Further, let’s be clear, Doug, in agreeing that over the years of our correspondence via the Internet, you and I have never met and, unless I’m mistaken, have never even conversed with each other by phone. If I have ever lain eyes on you, I haven’t known it; if you’ve seen me, it’s only because someone’s pointed me out, and if so, you chose not to take the opportunity to introduce yourself.
That would lead both of us to conclude that your judgment that I “haven’t found something else to do with my life but posit (sic) (my) comments here and around the hood these past many years,” which you find “sad, indeed,” is breathtakingly arrogant and unkind on your part. I’m neither surprised nor offended, mind you, but merely perplexed that someone who doesn’t know me would so readily reveal his lack of perspicacity and civility in commenting on how I choose to spend my time, conduct my affairs, or order my life.
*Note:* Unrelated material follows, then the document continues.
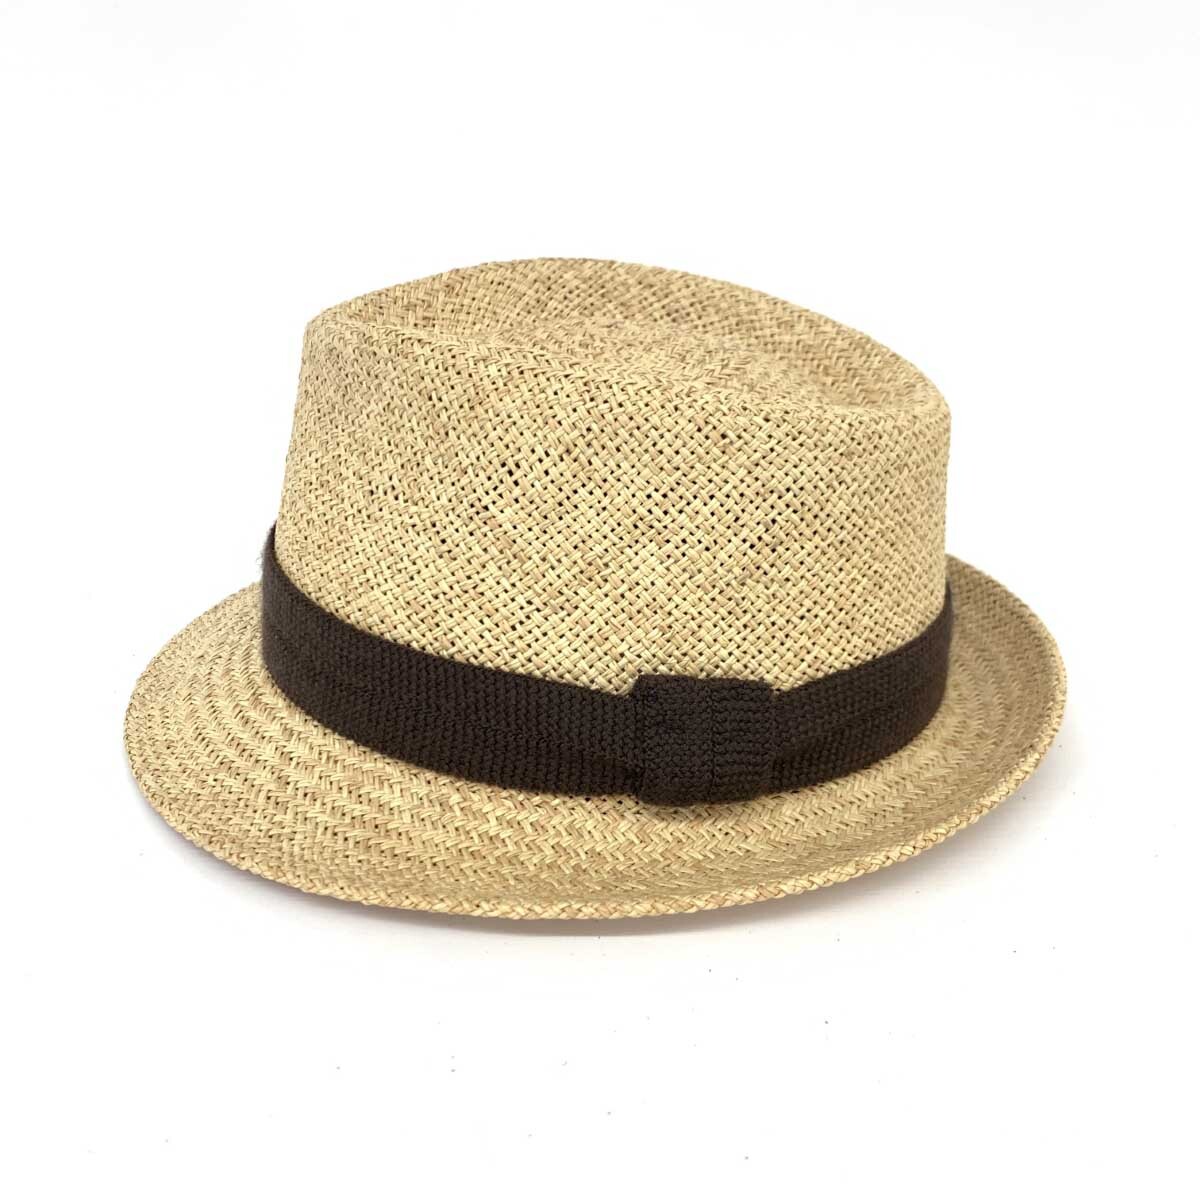 良好◆SORBATTI ソルバッティ パナマハット M/L 58◆ ベージュ メンズ イタリア製 帽子 hat 服飾小物_画像2

I receive comments and criticisms from strangers all the time — but I tend to favor the perspective, when discussing the vast prairie of meaninglessness my life has become, of someone who’s actually met me and been a part of it.
Were it from someone else, I would be taken aback and would give it due consideration; coming from you, brother, it simply confirms that even though you are geographically removed from the Kirk, you are no less cut from the same manly mold as your elders. That that mold produces a character so unlike that of Christ Jesus is, evidently, an obstacle neither to you nor to your leaders.
How sad, indeed.
Please be assured, in all affection and truth, that the day your assessment of my life matters even a whit to me, I’ll conclude that something of unprecedented, incalculable, and extraordinary transformation in my character or yours has taken place. Should that transformation be evidenced in your life, I would be more than interested in receiving and exploring the merits of your rebuke.
Until then, though, I find that it would take far too much from my terribly busy day to give your verdict on my life any particular thought at all — only enough consideration, really, to offer a quick prayer for the kind of change in your heart that would make your criticism of me something worthwhile, necessary, or desirable for me to ponder. I am, at times, surely deserving of criticism — but when the Spirit convicts, I think it’ll sound a bit more like the LORD and a lot less like a stranger tripping on his own carelessly-wielded serrated edge.
So, Doug, it might be better to comment on things you know about than on that which you don’t. I generally find that to be a good starting point. Wanna give it a try? What, exactly, did you find so off-putting about Obama’s speech?